Por ello, durante la segunda y la tercera ola, los gobiernos están tratando de lograr la cuadratura del círculo: frenar la propagación del coronavirus sin frenar en seco la economía, manteniendo sus constantes vitales, apretando sin ahogar a sectores como el comercio y la hostelería. En el fondo, están ganando tiempo hasta que una mayoría suficiente estemos vacunados y entonces se puedan levantar casi todas las restricciones sanitarias.
Mas la vacunación no va todo lo rápido que necesita un mundo como el nuestro, donde quien no corre, vuela, y quien ni corre ni vuela, se estrella. Es por lo que, cuando nos obligan a quedarnos en casa, andamos como perros encerrados e intentamos matar el tiempo, al que consideramos un enemigo, con un sinfín de actividades. Nos hemos vuelto hiperactivos hasta la ansiedad; no sabemos disfrutar del ocio, del reposo, que es lo que significa en latín 'otium'.
Sin embargo, el reposo es esencial para nuestra salud mental y para cultivar el pensamiento. Hay que perder el tiempo para ganar vida. El exceso de velocidad de nuestro mundo «impide pensar y construir las identidades», porque el pensamiento crítico construye personalidades sólidas y las personalidades sólidas, sociedades en las que la vida merece la pena, como diagnostica, en línea con su colega Byung-Chul Han, el filósofo José Carlos Ruiz, autor de 'Filosofía ante el desánimo', un desánimo que este profesor cordobés ya detectaba antes de la covid-19 y que con esta se está contagiando a todos los individuos.
El origen de ese desánimo está en que, en un mundo líquido donde nada permanece y una imagen vale más que mil palabras, tratamos de reflejar ante los demás la mejor imagen de nosotros mismos a través de las múltiples pantallas que mediatizan nuestra vida.

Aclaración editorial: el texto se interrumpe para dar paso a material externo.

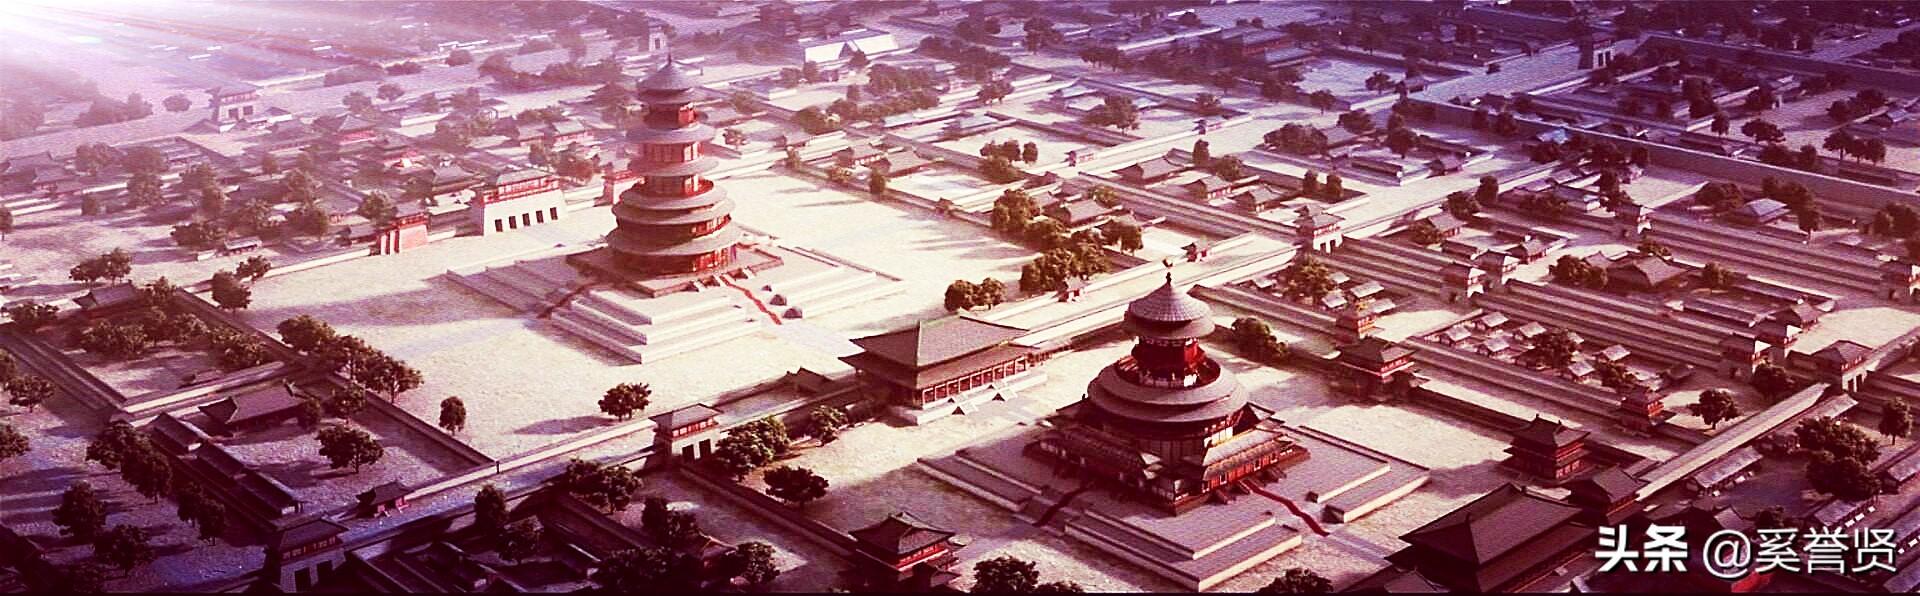 为什么说洛阳紫微城是中国历史上最伟大的皇宫

En realidad, esa imagen está falsificada y nos frustramos cuando comprobamos que no es tan maravillosa al compararla con la de los demás en las redes sociales virtuales; entonces nos esforzarmos hasta la extenuación por encajar en la imagen ideal prefabricada por nuestra sociedad del rendimiento: queremos ser los mejores padres, trabajadores, corredores... Pero la imagen de sí mismos que los demás muestran en las pantallas suele ser tan falsa como la nuestra. El espejo de las redes sociales refleja una gran mentira de mil caras que abonamos con una mezcla de narcisismo y envidia.

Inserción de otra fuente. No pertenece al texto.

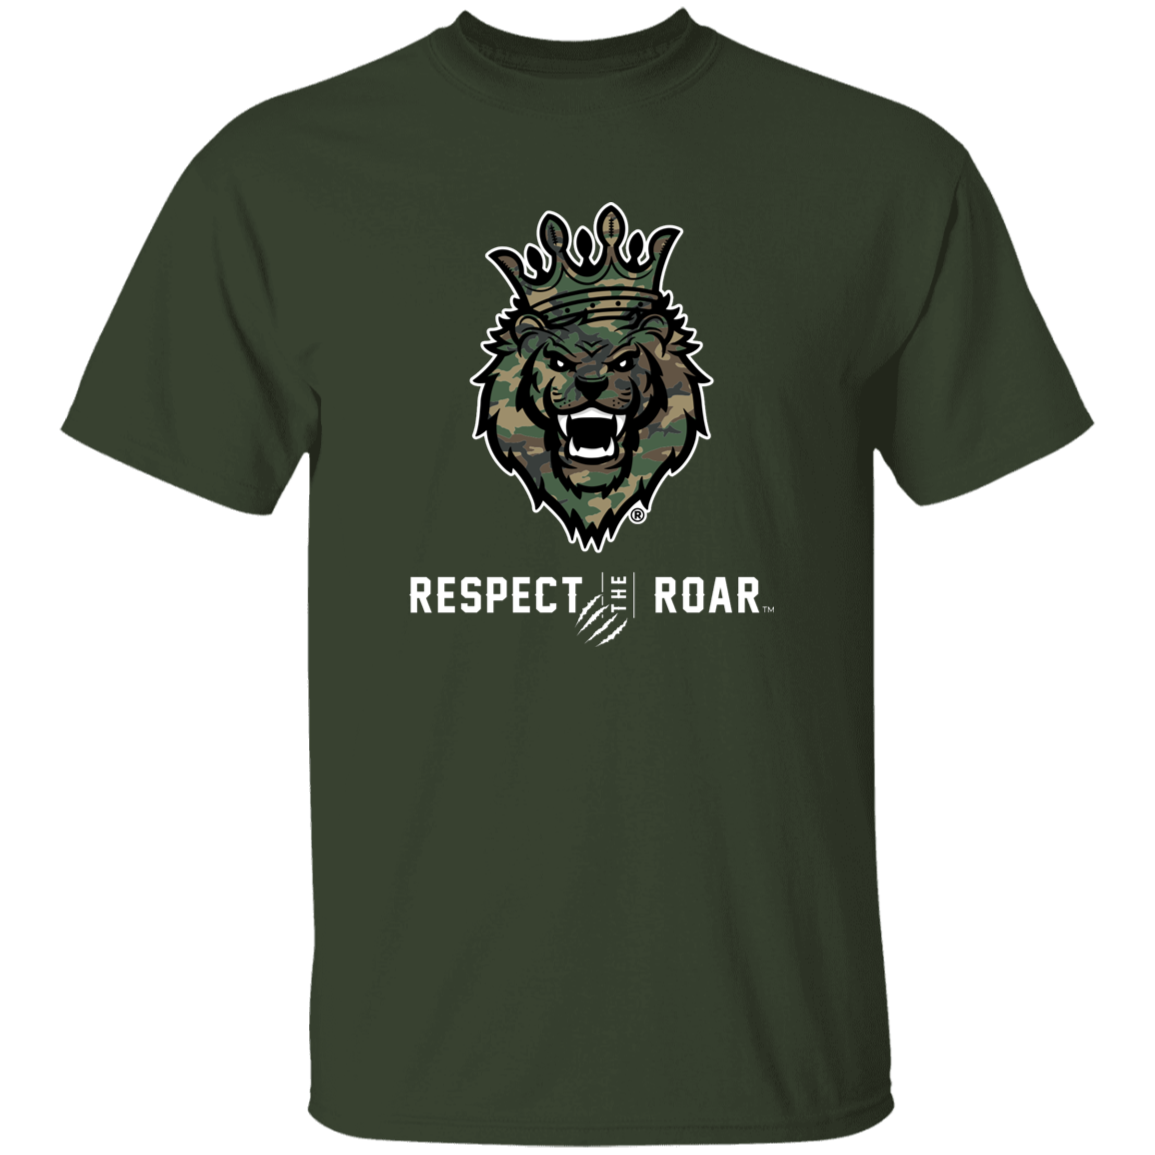 Respect The Roar (Green) - G500 5.3 oz. T-Shirt

En su último libro, 'El huerto de Emerson', el extremeño Luis Landero recuerda unos consejos que se da a sí mismo en casos de abatimiento y apatía que son de aplicación universal, un imperativo categórico kantiano para estos chaplinescos tiempos modernos: «Confía en ti. No codicies los frutos ajenos. Acuérdate de Emerson y labora en tu huerto sin angustia ni prisas. Sobre todo sin prisas. Estás enfermo de impaciencia, ya te lo decían en tu infancia. No te disperses, concéntrate, embrida el pensamiento, no saltes de una cosa a otra, dejando todo a medio pensar. No puedes ir por el mundo como si zapearas en la televisión. De ahí vienen tus males, de la inseguridad y de la prisa (...). Para un poco, hombre».